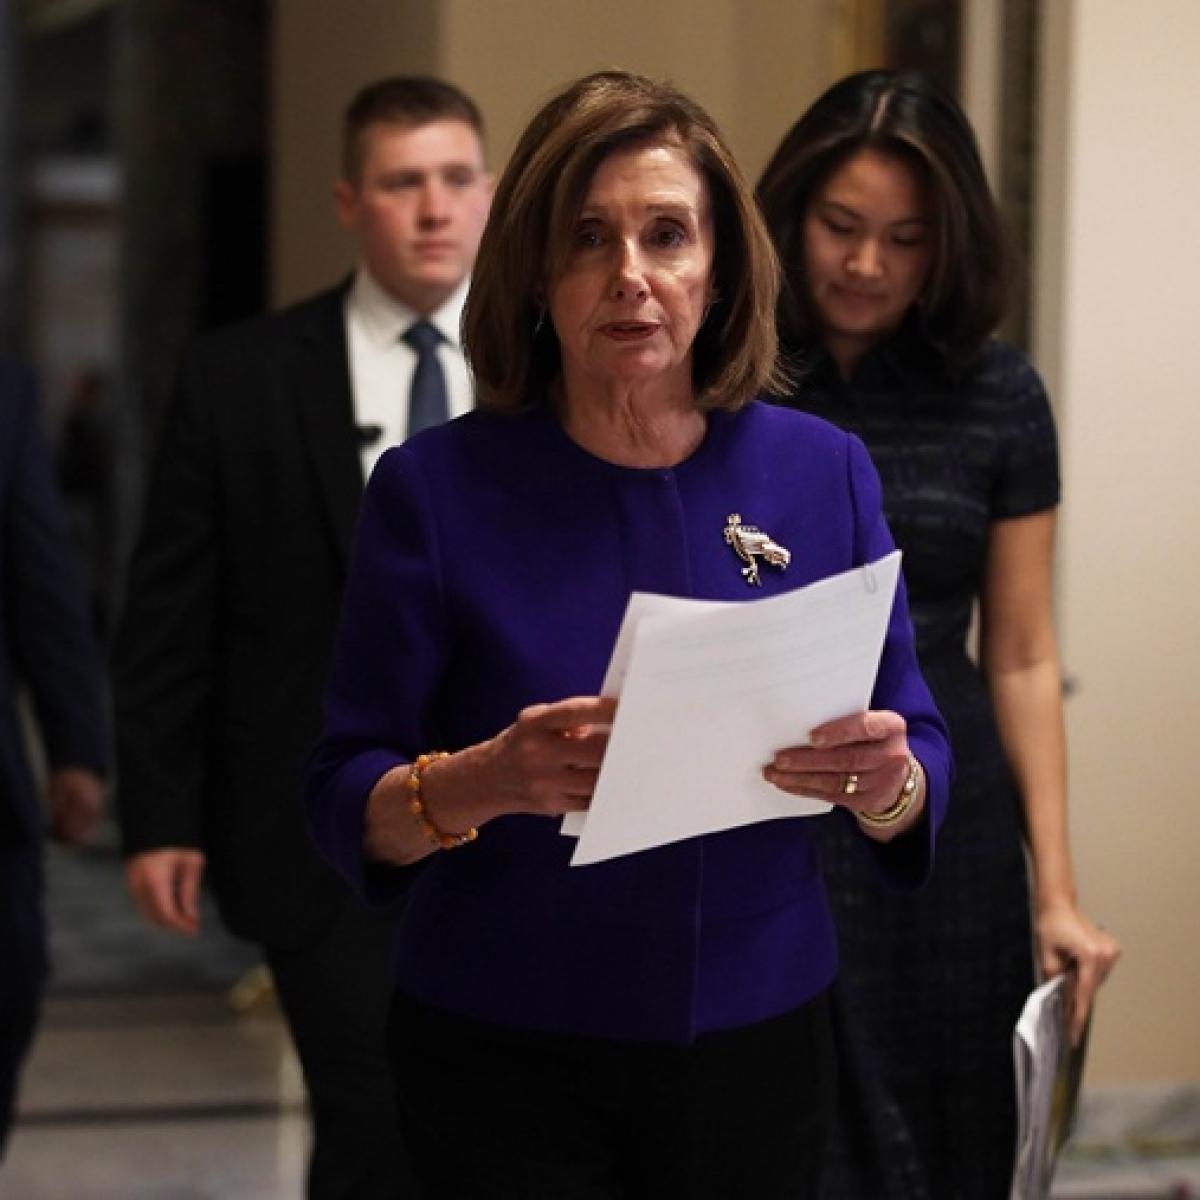 Will soon send articles of impeachment against Trump to Senate: Nancy Pelosi
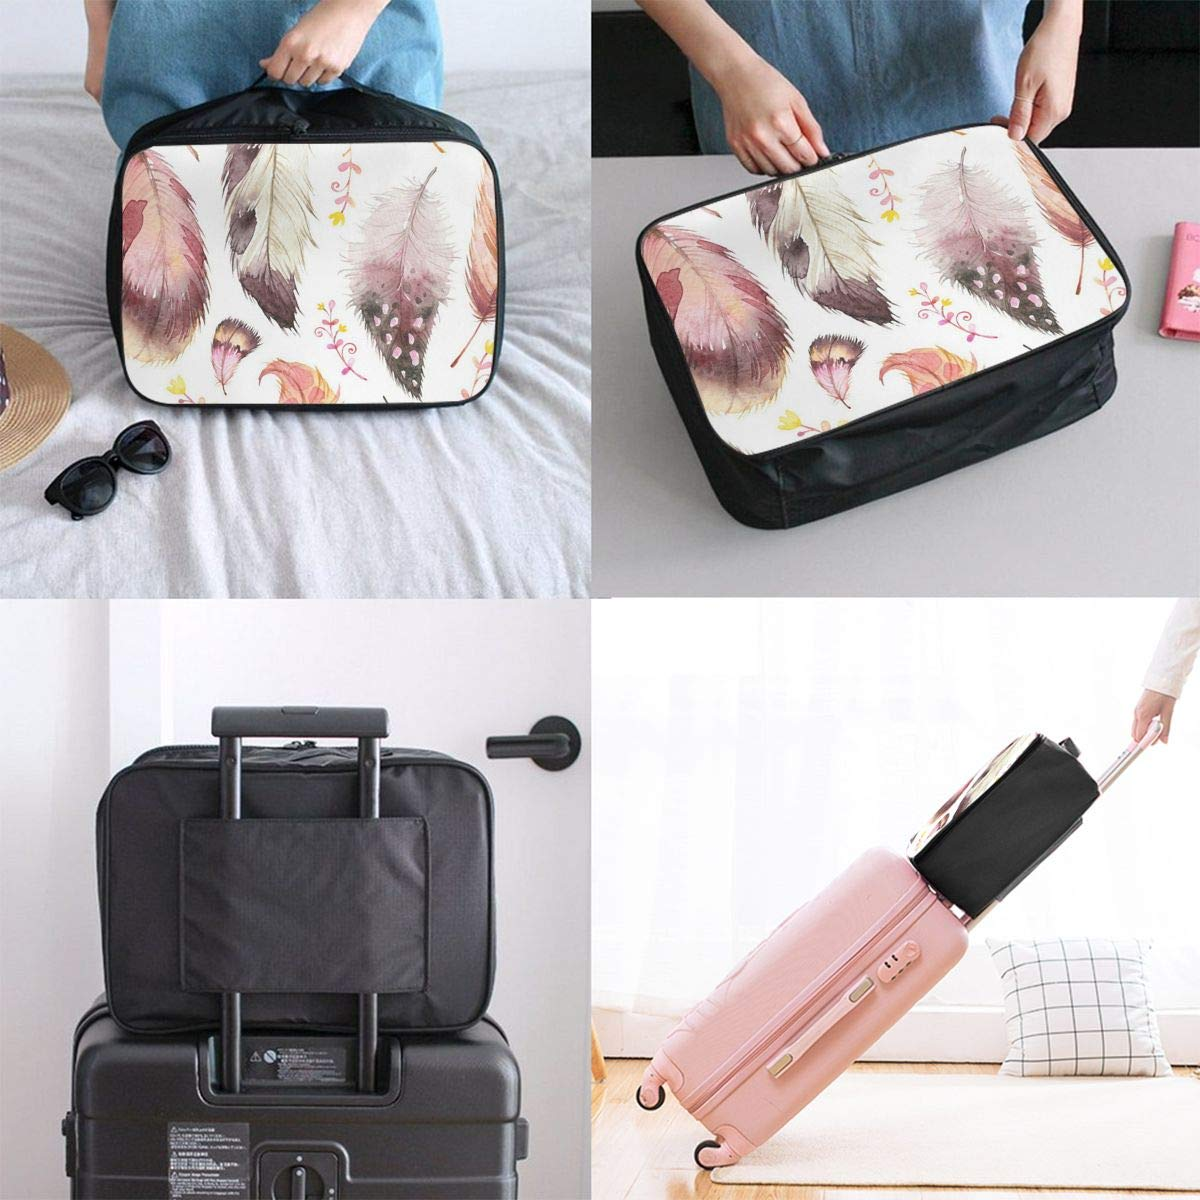 Travel Luggage Duffle Bag Lightweight Portable Handbag Feather Print Large Capacity Waterproof Foldable Storage Tote
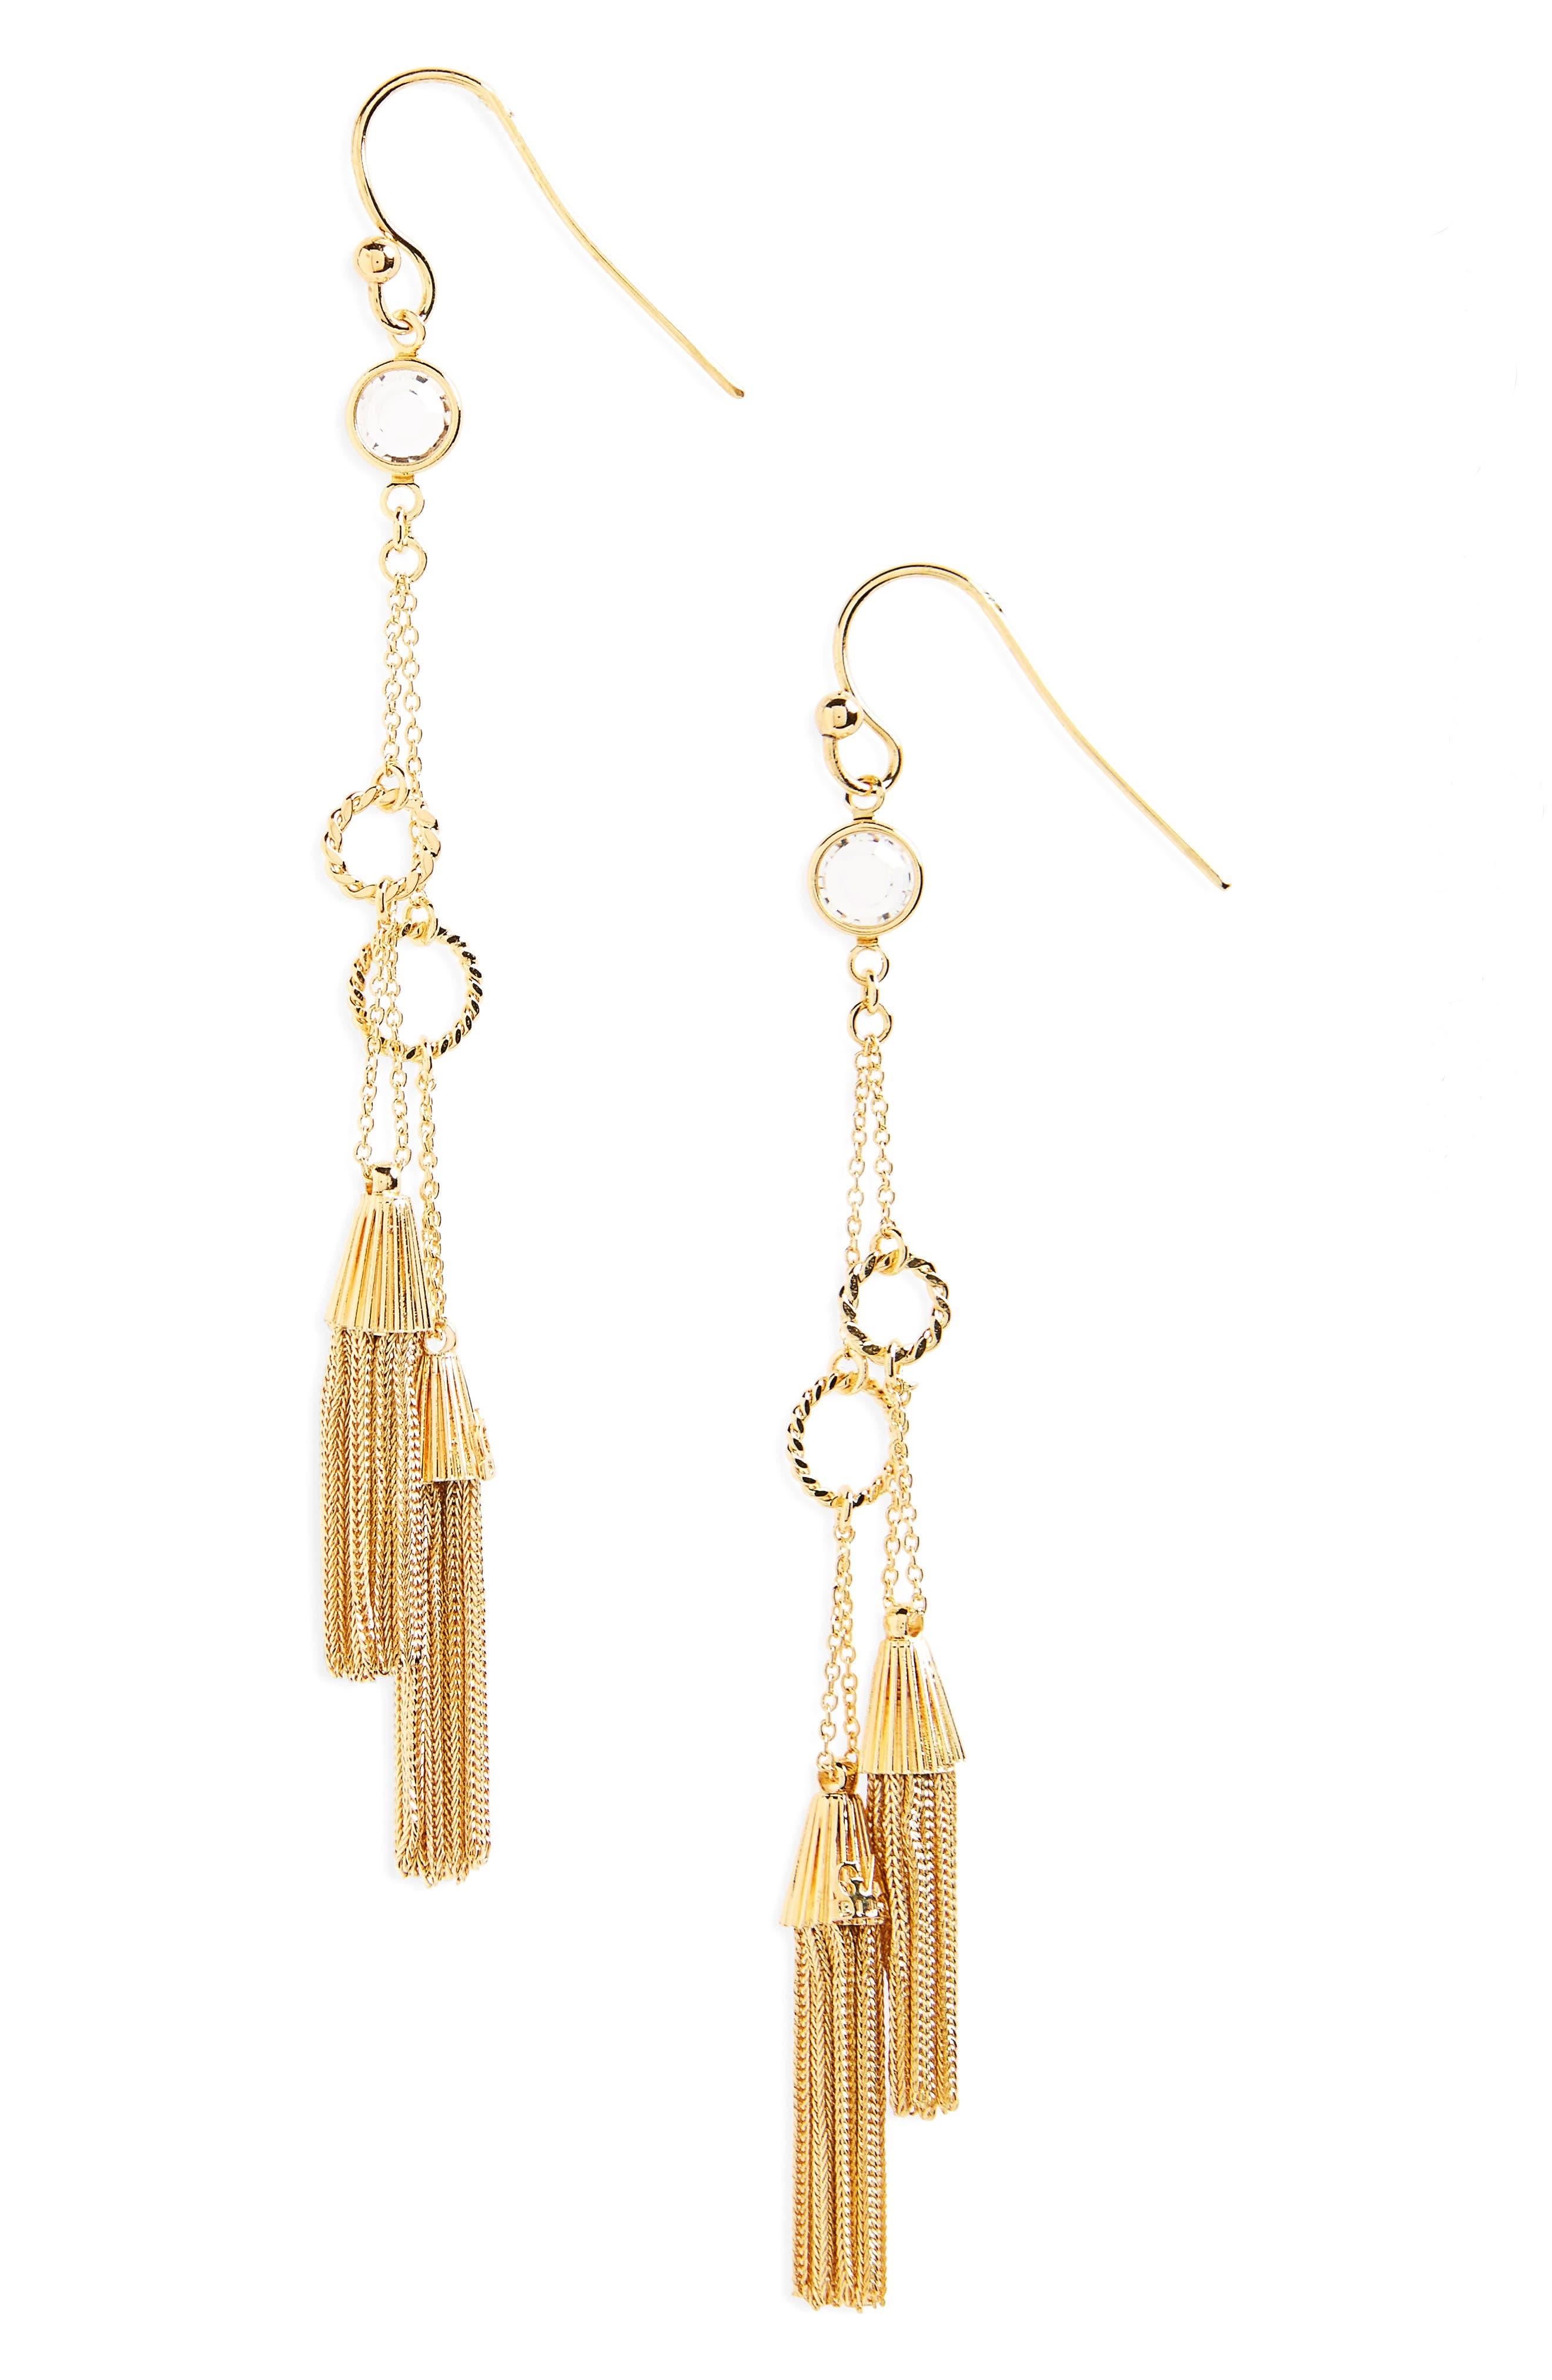 Tresse Tassels Shoulder Duster Earrings,                         Main,                         color, 710

● **Activity**: I would like the lines from the one with "Travel Luggage Duffle" through the last line of the data above retyped exactly, with pictures left out, please.

● **Response area**:
 Travel Luggage Duffle Bag Lightweight Portable Handbag Feather Print Large Capacity Waterproof Foldable Storage Tote
 Tresse Tassels Shoulder Duster Earrings,                         Main,                         color, 710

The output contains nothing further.